(264d) Heat Transfer in Directly-Irradiated High-Temperature Particle–Gas Flows for Solar Particle Receiver Applications

Solar particle receivers (SPRs) are pursued as a promising technology for conversion of concentrated solar radiation for power generation and chemical processing. Particle receivers use absorbing particles as heat transfer and thermal energy storage media. Falling particles form a particle curtain inside a receiver to absorb solar irradiation, and can attain temperatures above 1000°C. A thorough understanding of heat transfer addressing radiative heat transfer in polydisperse particles is crucial to advance the solar particle receiver technology. A complete heat transfer model involving hydrodynamics of particle–gas multi-phase flows, radiation in the particle phase, interfacial convection, and conduction in the gas phase is required to understand the physical problems encountered in SPRs.

We present simulations of particle–gas two-phase flows using the multi-phase particle-in-cell method. The method allows for capturing high-fidelity solid–gas flow characteristics with increased computational efficiency by combing the advantages of both Eulerian and Lagrangian methods.
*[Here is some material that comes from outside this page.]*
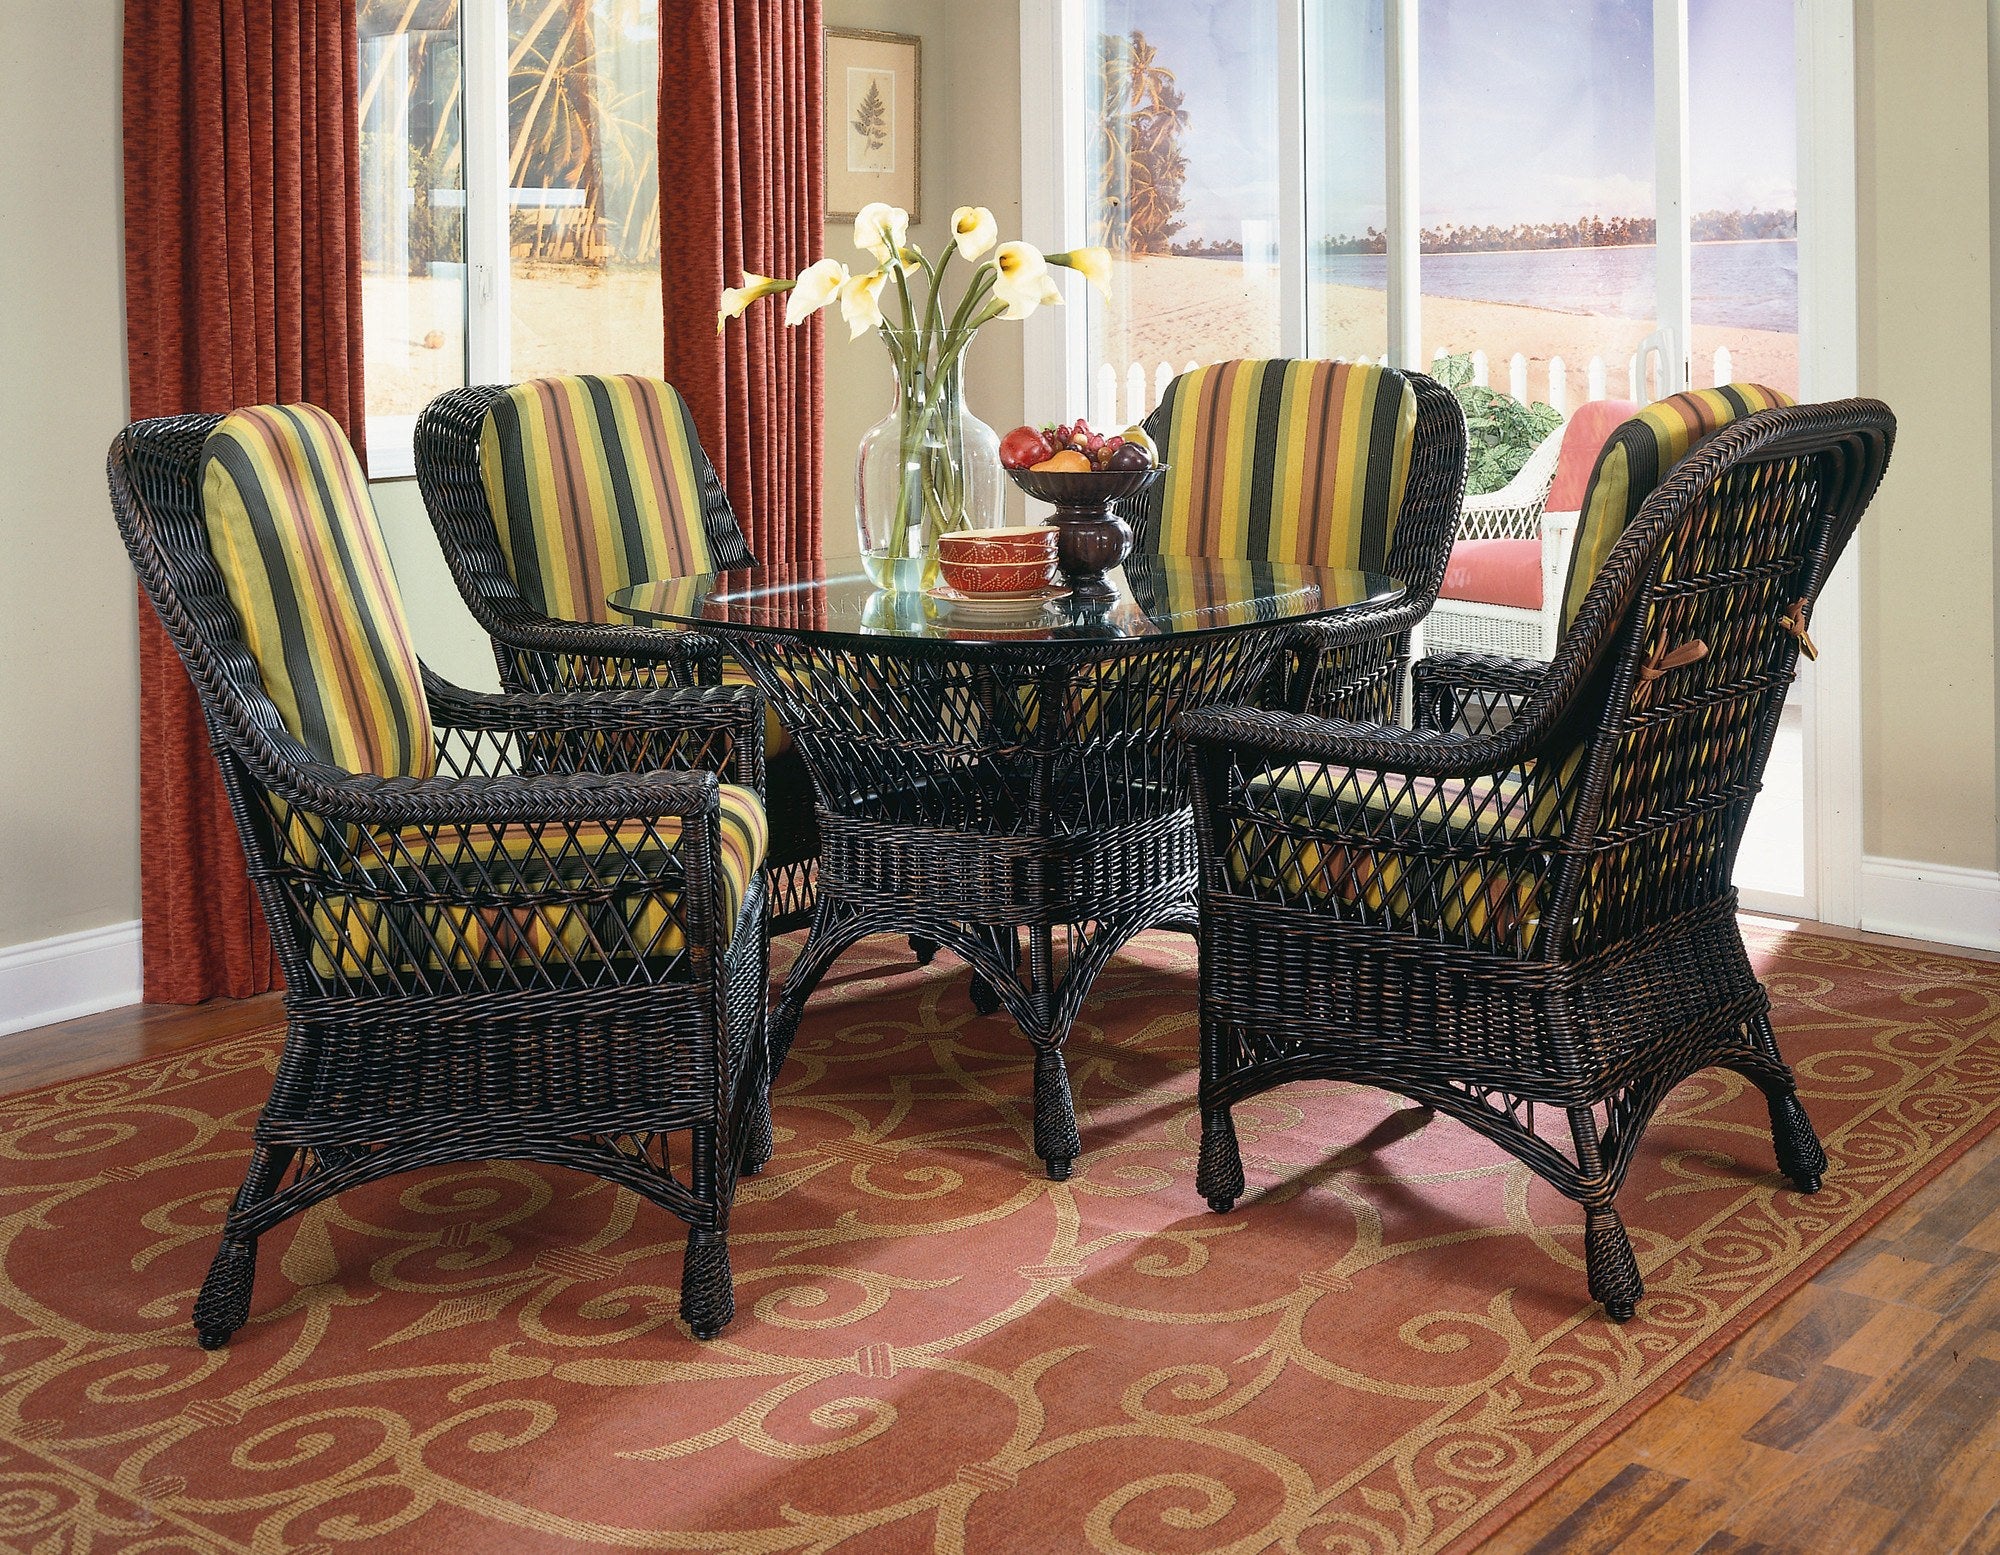 Designer Wicker & Rattan By Tribor Harbor Front Dining Arm Chair by Designer Wicker from Tribor Dining Chair - Rattan Imports

Radiative transfer in polydisperse particles is investigated using a novel radiative transfer model. The radiative transfer model considers polydisperse particles as a multi-component system and is implemented using the Monte Carlo ray-tracing method. A three-dimensional computational fluid dynamics model is developed for directly-irradiated high-temperature particle–gas flows laden with polydisperse particles by coupling particle–gas hydrodynamics of particle–gas flows, radiative heat transfer in non-grey absorbing, emitting and anisotropically-scattering multi-component media, conduction in the gas phase, and interfacial convective heat transfer. The computational model is employed to study thermal performance of a free-falling particle receiver.